> _WHAT TO WORK ON_:
Filter the listing below, keeping every line that holds "Stock".

> _DATASET CONTENT_:
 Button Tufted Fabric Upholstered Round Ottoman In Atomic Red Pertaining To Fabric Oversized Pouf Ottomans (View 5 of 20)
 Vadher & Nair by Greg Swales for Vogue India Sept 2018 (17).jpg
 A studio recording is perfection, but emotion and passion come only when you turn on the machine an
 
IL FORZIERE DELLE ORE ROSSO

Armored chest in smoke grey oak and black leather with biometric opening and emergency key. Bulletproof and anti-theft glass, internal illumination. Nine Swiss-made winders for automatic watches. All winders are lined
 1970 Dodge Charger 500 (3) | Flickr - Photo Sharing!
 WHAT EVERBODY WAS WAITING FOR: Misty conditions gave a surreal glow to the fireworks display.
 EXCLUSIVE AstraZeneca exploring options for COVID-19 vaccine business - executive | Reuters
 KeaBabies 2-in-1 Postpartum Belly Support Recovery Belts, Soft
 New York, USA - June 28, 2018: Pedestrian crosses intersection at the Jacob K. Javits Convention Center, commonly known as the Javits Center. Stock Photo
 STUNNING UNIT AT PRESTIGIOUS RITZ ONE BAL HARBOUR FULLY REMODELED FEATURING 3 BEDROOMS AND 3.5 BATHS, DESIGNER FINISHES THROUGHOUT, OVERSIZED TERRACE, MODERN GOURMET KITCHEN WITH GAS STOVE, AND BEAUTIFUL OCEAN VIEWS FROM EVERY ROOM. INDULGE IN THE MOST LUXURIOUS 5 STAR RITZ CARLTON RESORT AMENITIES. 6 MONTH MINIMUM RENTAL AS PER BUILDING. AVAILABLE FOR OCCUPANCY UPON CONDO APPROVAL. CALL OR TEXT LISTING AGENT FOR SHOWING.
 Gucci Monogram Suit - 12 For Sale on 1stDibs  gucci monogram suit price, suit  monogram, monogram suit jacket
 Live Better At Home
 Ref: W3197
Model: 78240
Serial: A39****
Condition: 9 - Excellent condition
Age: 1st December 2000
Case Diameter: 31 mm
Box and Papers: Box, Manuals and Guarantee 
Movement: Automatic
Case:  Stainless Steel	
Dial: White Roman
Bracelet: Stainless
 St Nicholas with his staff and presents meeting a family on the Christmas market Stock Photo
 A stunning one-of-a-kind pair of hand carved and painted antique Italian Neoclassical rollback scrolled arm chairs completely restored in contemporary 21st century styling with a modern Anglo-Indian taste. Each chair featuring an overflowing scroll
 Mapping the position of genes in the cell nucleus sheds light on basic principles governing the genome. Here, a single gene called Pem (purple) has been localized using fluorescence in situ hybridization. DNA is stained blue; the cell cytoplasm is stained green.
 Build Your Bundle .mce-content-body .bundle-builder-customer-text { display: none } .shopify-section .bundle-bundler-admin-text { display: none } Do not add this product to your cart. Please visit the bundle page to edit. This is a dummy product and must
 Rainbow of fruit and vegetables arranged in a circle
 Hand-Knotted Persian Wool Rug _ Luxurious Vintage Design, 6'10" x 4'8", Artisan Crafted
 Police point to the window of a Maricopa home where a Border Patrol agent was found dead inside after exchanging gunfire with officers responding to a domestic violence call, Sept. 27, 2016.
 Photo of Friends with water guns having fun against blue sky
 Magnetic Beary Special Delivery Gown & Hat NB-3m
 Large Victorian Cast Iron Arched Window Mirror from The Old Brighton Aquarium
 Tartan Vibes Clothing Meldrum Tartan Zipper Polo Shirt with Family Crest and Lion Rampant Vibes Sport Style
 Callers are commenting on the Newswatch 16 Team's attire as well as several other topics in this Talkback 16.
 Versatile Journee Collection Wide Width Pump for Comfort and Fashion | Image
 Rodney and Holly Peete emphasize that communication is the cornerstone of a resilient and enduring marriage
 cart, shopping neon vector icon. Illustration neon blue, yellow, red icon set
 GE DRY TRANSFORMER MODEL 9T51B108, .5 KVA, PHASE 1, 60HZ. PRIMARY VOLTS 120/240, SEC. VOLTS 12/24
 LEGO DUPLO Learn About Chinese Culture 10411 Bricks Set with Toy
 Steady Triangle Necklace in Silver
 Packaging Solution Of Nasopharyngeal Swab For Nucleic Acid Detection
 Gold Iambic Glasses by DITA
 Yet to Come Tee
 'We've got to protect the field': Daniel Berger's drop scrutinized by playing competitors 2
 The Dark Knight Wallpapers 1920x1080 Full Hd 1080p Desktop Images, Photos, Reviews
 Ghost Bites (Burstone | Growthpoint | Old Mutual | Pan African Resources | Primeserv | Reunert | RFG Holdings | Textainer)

> _RESULT OF THE TASK_:
 New York, USA - June 28, 2018: Pedestrian crosses intersection at the Jacob K. Javits Convention Center, commonly known as the Javits Center. Stock Photo
 St Nicholas with his staff and presents meeting a family on the Christmas market Stock Photo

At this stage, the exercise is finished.